Single Embryo Transfer

Dr. Randy Morris

Single Embryo Transfer

Dr. Randy Morris



Single embryo transfer in in vitro fertilization - IVF may be equivalent to double embryo transfer

The chance for pregnancy in in vitro fertilization - IVF is affected by numerous factors. One important modifiable factor is the number of embryos transferred into the uterus. The data tell us that placing two embryos into the uterus will produce more pregnancies than placing one. Unfortunately, it also increases the risk of multiple pregnancy.

Multiple pregnancy, even twin pregnancy, is associated with greater risks than a singleton pregnancy. In fact, every complication that occurs in pregnancy occurs more often in twins. This includes, premature birth, gestational diabetes, hypertensive disorders of pregnancy (pre-eclampsia), birth defects and even death of the baby. The greater the number of babies in a multiple pregnancy, the greater is the risk.

Unfortunately, many in vitro fertilization - IVF programs still transfer high numbers of embryos in an attempt to boost or maintain their pregnancy rates. This may make the program look better but it puts both mother and baby in greater jeopardy.

It has been questioned, over the years, whether you can get just as many women pregnant if you put one embryo in over two different attempts compared to putting both in at once.

Recently, researcher from Sweden put that question to the test. They looked at a specific group of women undergoing in vitro fertilization - IVF. These women are generally considered to be good prognosis patients.

  • All under 35 years of age
  • On their 1st or 2nd in vitro fertilization - IVF attempt
  • Had at least two good quality embryos for transfer into the uterus

They divided these women into two groups at random. One group received transfer of two embryos. The other group had transfer of a single embryo with cryopreservation (freezing) of the remaining embryos. If not pregnant, this second group was brought back for transfer of a single frozen embryo.

The results were looked at in two ways. The pregnancy rate for each attempt or the per-cycle pregnancy rate and the cumulative pregnancy rate over two cycles.

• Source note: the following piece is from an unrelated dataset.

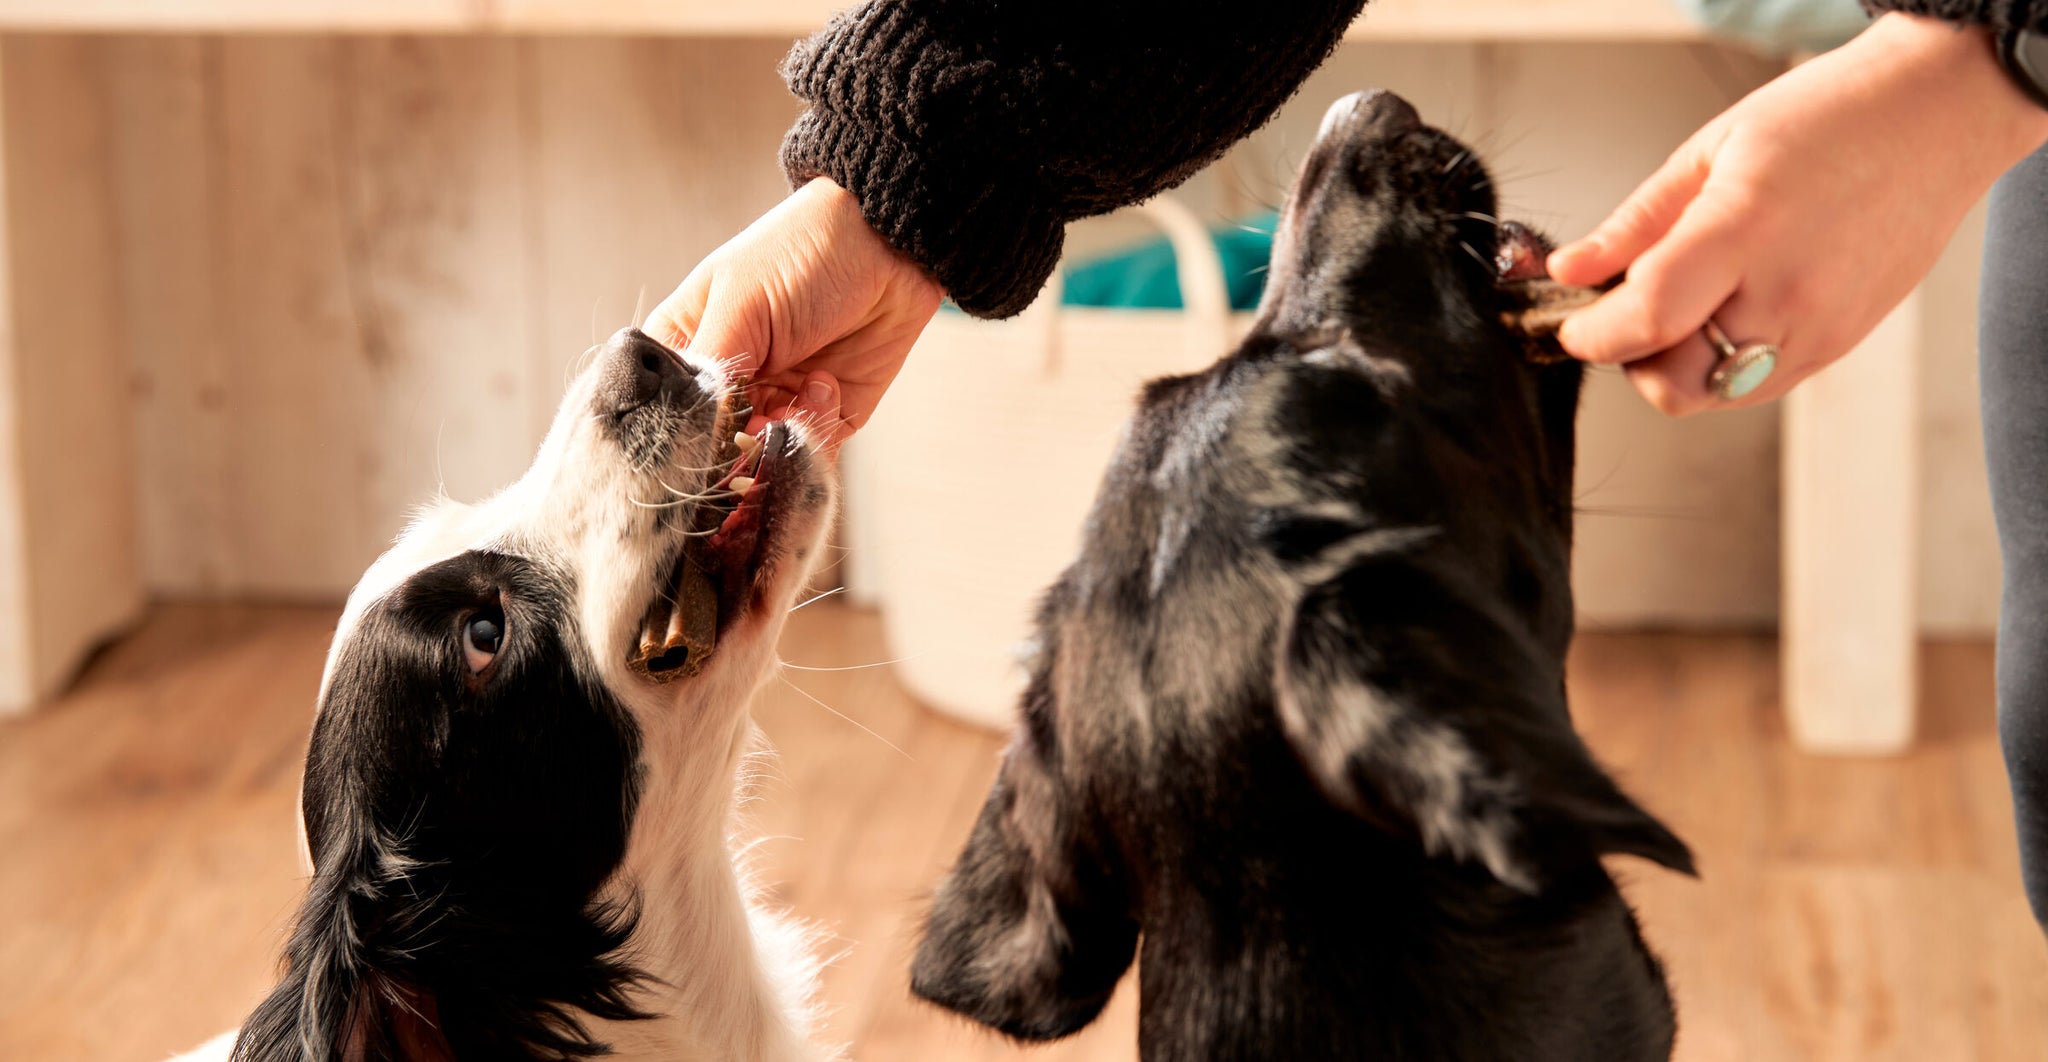 Dogs being fed dental sticks

In the double-embryo-transfer group, 142 (42.9%) of 331 women had pregnancy resulting in at least one live birth compared with a cumulative live birth rate of 29.6% after the first and 38.8% after the second transfer for the single-embryo group. It should also be pointed out that 38 women did not receive a second transfer because they did not have a viable embryo after thawing.

However, multiple births occurred in a whopping 33.1% of women in the double-embryo-transfer group and in only 0.80% of women in the single-embryo-transfer group (basically one twin pregnancy).

The difference in live birth rate between the groups was about 4% on this study. Doing some statistical analysis we can say that any reduction in the rate of live births with the transfer of single embryos is unlikely to be greater than 11.6 percentage points.

What can we conclude from all this? Well in a well selected group of good prognosis patients, transferring one embryo at a time is just about as successful as putting two embryos in at once but with a fraction of the risk for multiple pregnancies.

The costs to the patient will initially be higher because of the extra expense of embryo cryopreservation, storage, thawing and preparation of the uterus for the second transfer. However, the financial and social costs down the road will be considerably lower due to the avoidance of multiple pregnancy.

At our program, we are well known because we do very well but transfer very few embryos. We have done single embryo transfers but for the most part patients have been resistant to them. This is in part due to the fact that patients talk on the internet and in support groups and say "My doctor recommended transferring four embryos" Instead of running as fast as they can away from that program, they create the illusion that you have to transfer many embryos to get pregnant.

Another problem results from failed cycles. Patients have a tendency to demand larger and larger numbers of embryos be transferred after failed attempts even though there is no data that this will improve their chances for becoming pregnant.

We cannot continue like this for much longer. Some countries already have passed laws limiting the number of embryos that can be transferred. I don't believe we are too far from that happening here.